Why? The point is that these “soft updates” change the loss landscape. They make it smoother, by allowing the value in the memory location to be gradually updated, rather than trying to get it right all in one go. That makes it easier for the GP system to evolve good programs over time. In fact, all Linear GP systems allow this to some extent, with instructions like R1 = R1 + R2, but in this paper the mechanism is much stronger.

Why am I mentioning this? Because it’s the same mechanism that was later employed by ResNet (Kaiming He et al., 2016). In ResNet, a neuron sums its normal inputs from the previous layer together with the outputs from some earlier neuron. The latter is the “residual connection”. Another way to say the same thing is that a neuron has a value taken directly from an earlier neuron (the “memory”) plus a value which comes from the same neuron, via some new processing. That is a soft update!

And again, the reason why ResNet works is that it smooths the loss landscape. In a sense, the network can experiment with the new processing, but incorporate only a small amount of it, without losing what was good in the earlier neuron. It doesn’t have to get the new processing perfect, but can start to incorporate more and more of it as it learns.

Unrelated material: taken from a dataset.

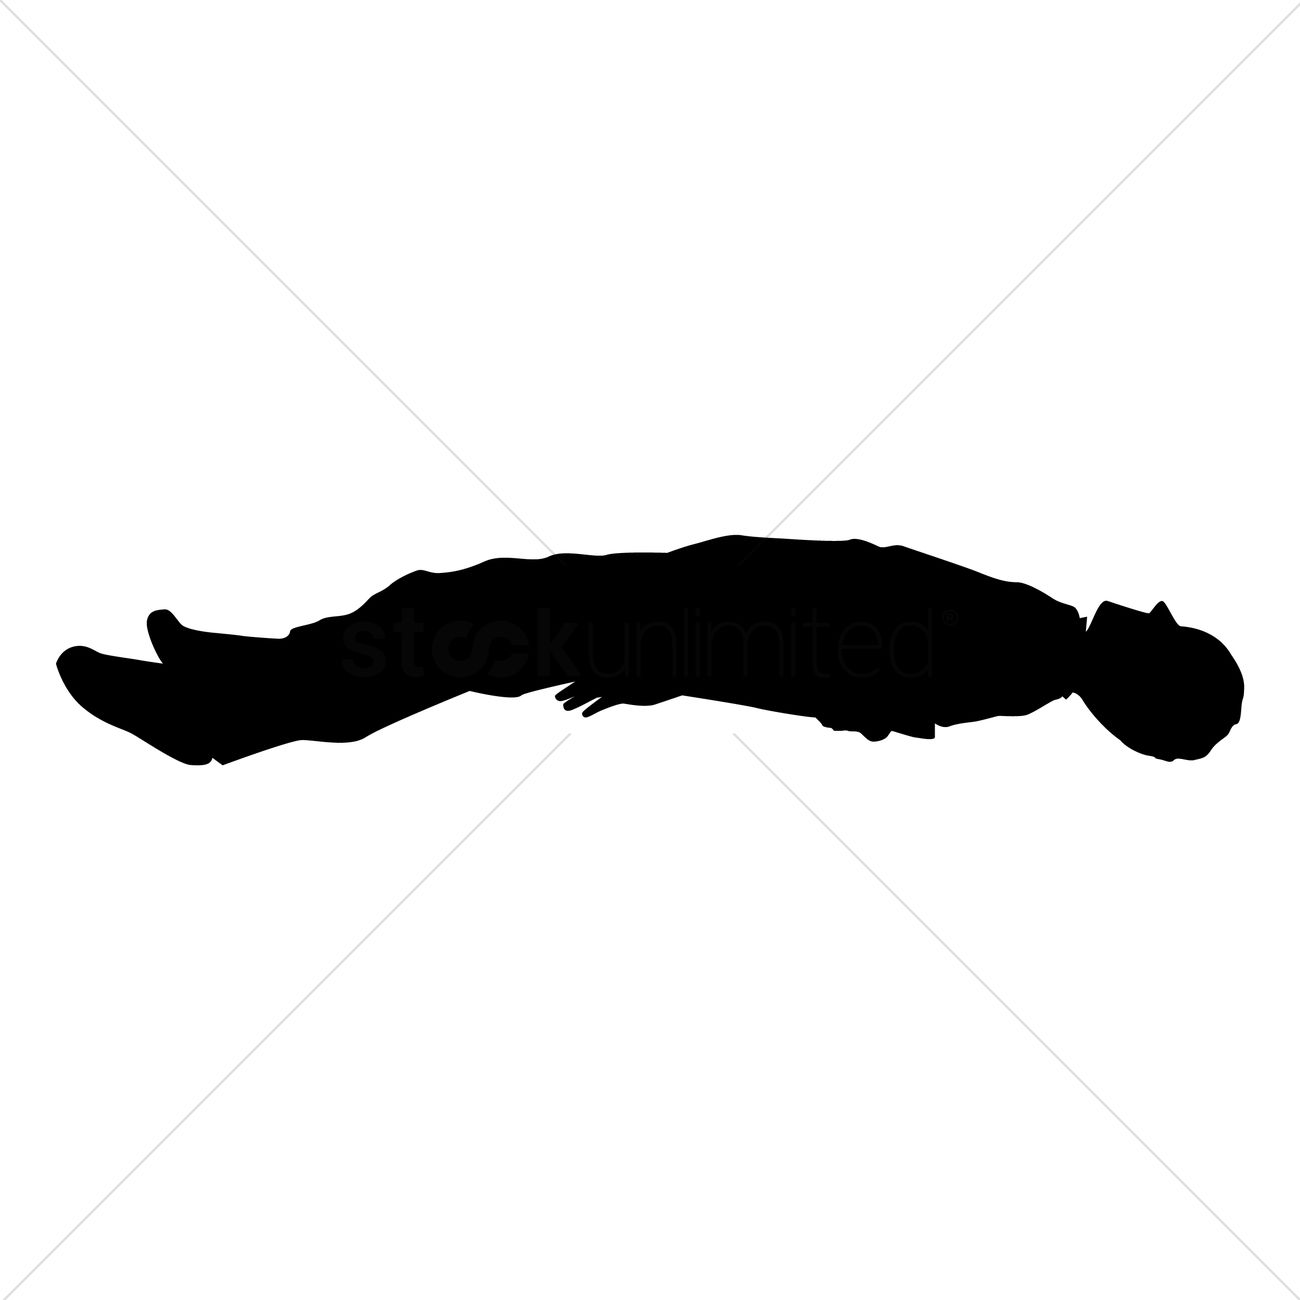 Indian man lying on floor. Fu

Both the Memory with Memory and the ResNet mechanism can also be seen as giving the system an opportunity for gradually increasing complexity. The system can start with a simple program which is approximately correct, and add nuance by gradually adding more soft updates or gradually reducing the weight of the residual path. An explicit mechanism for complexification was proposed earlier, in NEAT (Stanley and Miikkulainen, 2001).